Ainsi, pour une grande partie des femmes, les vies en ligne et hors ligne se sont graduellement entremêlées, complétées et chevauchées, comme l’illustre cette publication d’une femme sur le groupe de soutien : « À 14:30, je changeais de vêtements, me coiffais, appliquais du rouge à lèvre pour être belle. Mon fils me demandait : « Maman où tu vas » ? « Nulle part, mon gars, seulement sur Skype… »

Les rituels du cycle de vie et l’annonce des nouvelles importantes

Dans son étude sur le deuil au sein des familles transnationales, Josiane Le Gall (2017) a montré que la mort d’un être cher était l’un des moments où la distance entre les membres de la famille occasionnait des coûts émotionnels importants. En effet, la co-présence physique était privilégiée lors de ces situations de crise. Or, les déplacements transnationaux ne sont pas toujours possibles pour les migrants, lesquels doivent avoir recours aux modes de co-présence virtuelle pour compenser le manque physique. La mort éventuelle du conjoint n’a été mentionnée que par Isabelle, une participante à l’étude mariée à un homme marocain. Or, pour elle, c’était une préoccupation majeure, compte tenu que les corps sont enterrés dans les vingt- quatre heures dans la foi musulmane. Isabelle craignait que la famille de son conjoint ne la contacte pas assez rapidement s’il arrivait quelque chose à son mari.
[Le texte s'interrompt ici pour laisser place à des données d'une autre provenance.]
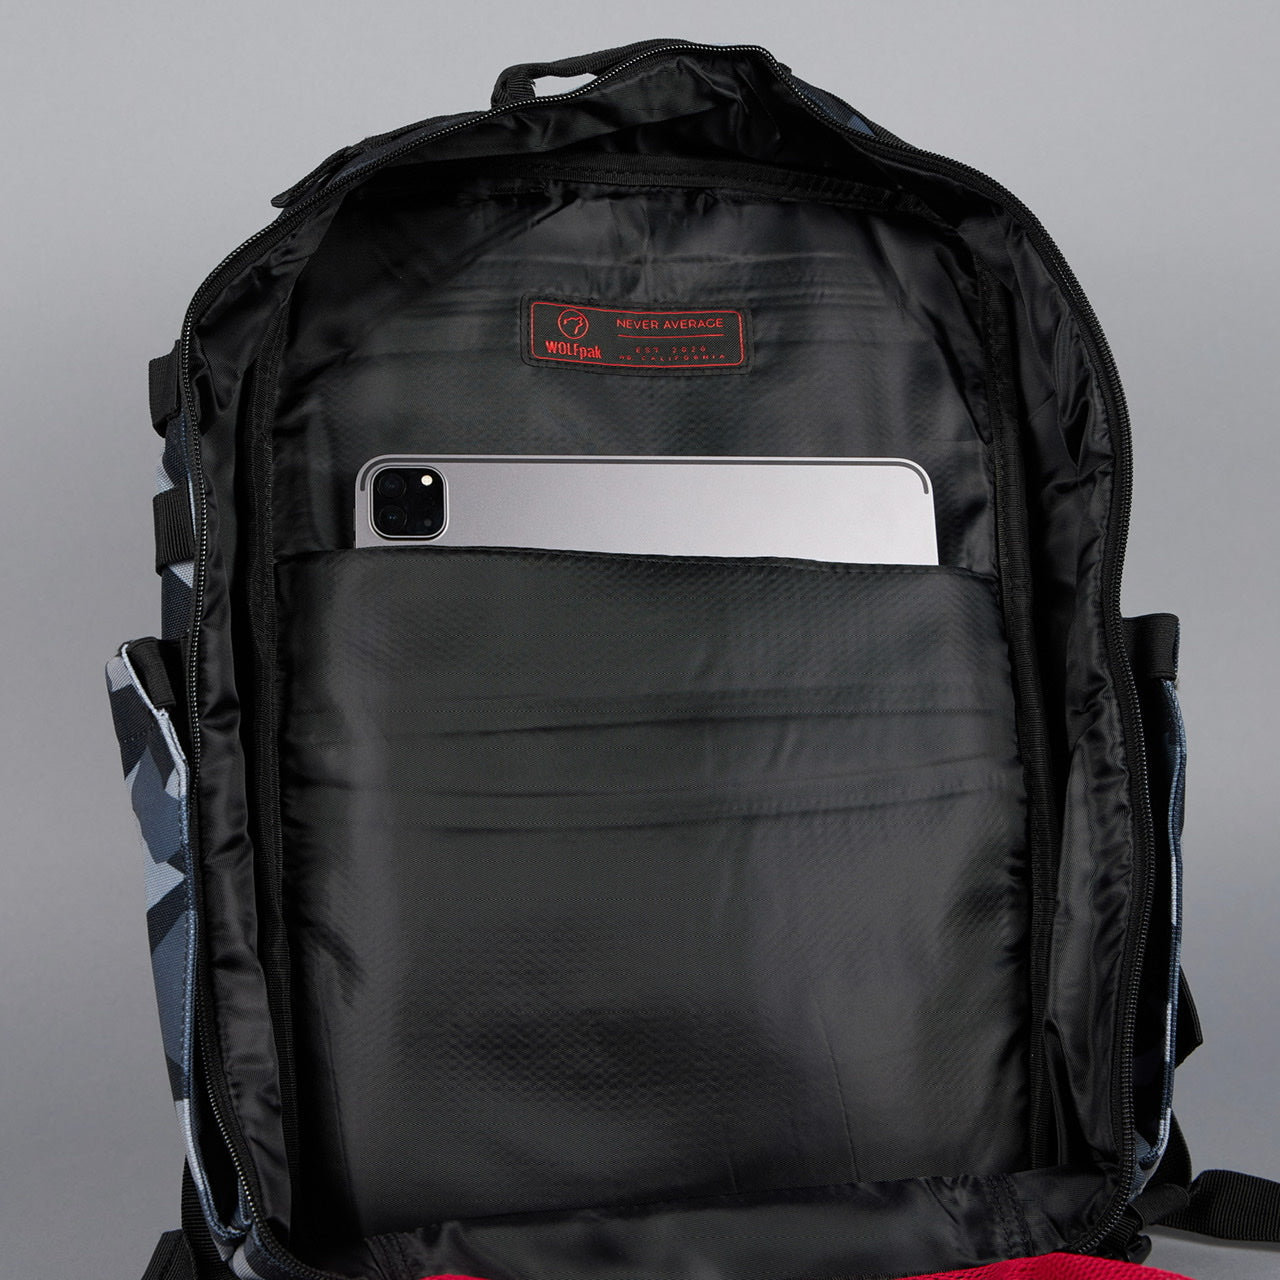 35L Backpack Splinter Camo Red Edition

Dans d’autres cas, la distance était aussi une source d’inconfort ou de quiproquo, surtout lors de l’annonce de nouvelles importantes. Par exemple, Magda, alors basée en Allemagne, a longtemps pondéré la manière dont elle allait annoncer à son conjoint qu’elle était enceinte :

« J’allais voir mes parents et je me suis dis : «Je vais quand même le dire à mon chum avant de le dire à mes parents». Donc, je l’ai appelé, mais je voulais lui envoyer une surprise. J’avais fait des photos, découpé un cœur où je voulais insérer la photo de l’échographie. Il fallait que je lui parle jeudi matin. Et lui, jeudi matin, il voyageait. Il a dit : «Non, c’est trop tôt, je n’ai pas envie de me lever pour te parler ». J’ai dit : « Je dois te parler, demain ». «Pourquoi? T’es enceinte ou quoi?». Alors là, qu’est-ce que je fais ? Est-ce que je mens ou je le sors carrément? J’ai respiré et j’ai dit : «Oui, je suis enceinte». Il a dit : «QUOI, de qui? » Là, j’avais envie de passer par le téléphone et le gifler en personne. Je lui explique que j’ai probablement amené ses petits amis dans l’avion. Là, il était sous le choc. Il ne s’attendait vraiment pas à ça. Il était comme bête, mais ce n’était pas la joie à laquelle tu t’attends quand tu annonces que tu es enceinte. Je lui fais quand même

mon dessin. Je lui envoie ça. On ne se parle pas jusqu’à lundi. Mais lundi, j’avais la prochaine échographie et j’ai eu la confirmation qu’il y avait deux cœurs qui battaient. Là, je l’appelle et je dis «Hey, comment ça va?» «Oui, ça va». J’ai dis : «Tu te remets du choc? C’est parce que, je ne voulais pas en parler… » Il a dit : «C’est des jumeaux». J’ai dit «Tu peux peut-être me laisser annoncer les nouvelles! Oui, c’est des jumeaux». Il était vraiment sous le choc. Je pense qu’il tremblait, mais je ne le voyais pas. Par téléphone, c’est plate81. »

Cet extrait très riche illustre bien les limites de la communication à distance. En effet, le malentendu qui a émergé lors de l’annonce d’un évènement qui se voulait joyeux a poussé Magda à vouloir dépasser les limites des moyens de communication à distance. Elle a souhaité « passer par le téléphone et le gifler en personne ». Toutefois, cet extrait montre aussi que ces limites possèdent le potentiel d’être compensées, en partie par la prise de rendez-vous téléphoniques et l’envoi de matériel de soutien (le bricolage), lequel a servi d’objet de réconfort par proxy (Baldassar, 2008). Ainsi, pour les rituels transnationaux tels que les baptêmes ou les mariages, la co-présence physique était aussi préférée par les femmes. Dans les cas où celle-ci n’était pas possible, la technologie qui permet de stimuler le plus de sens était utilisée.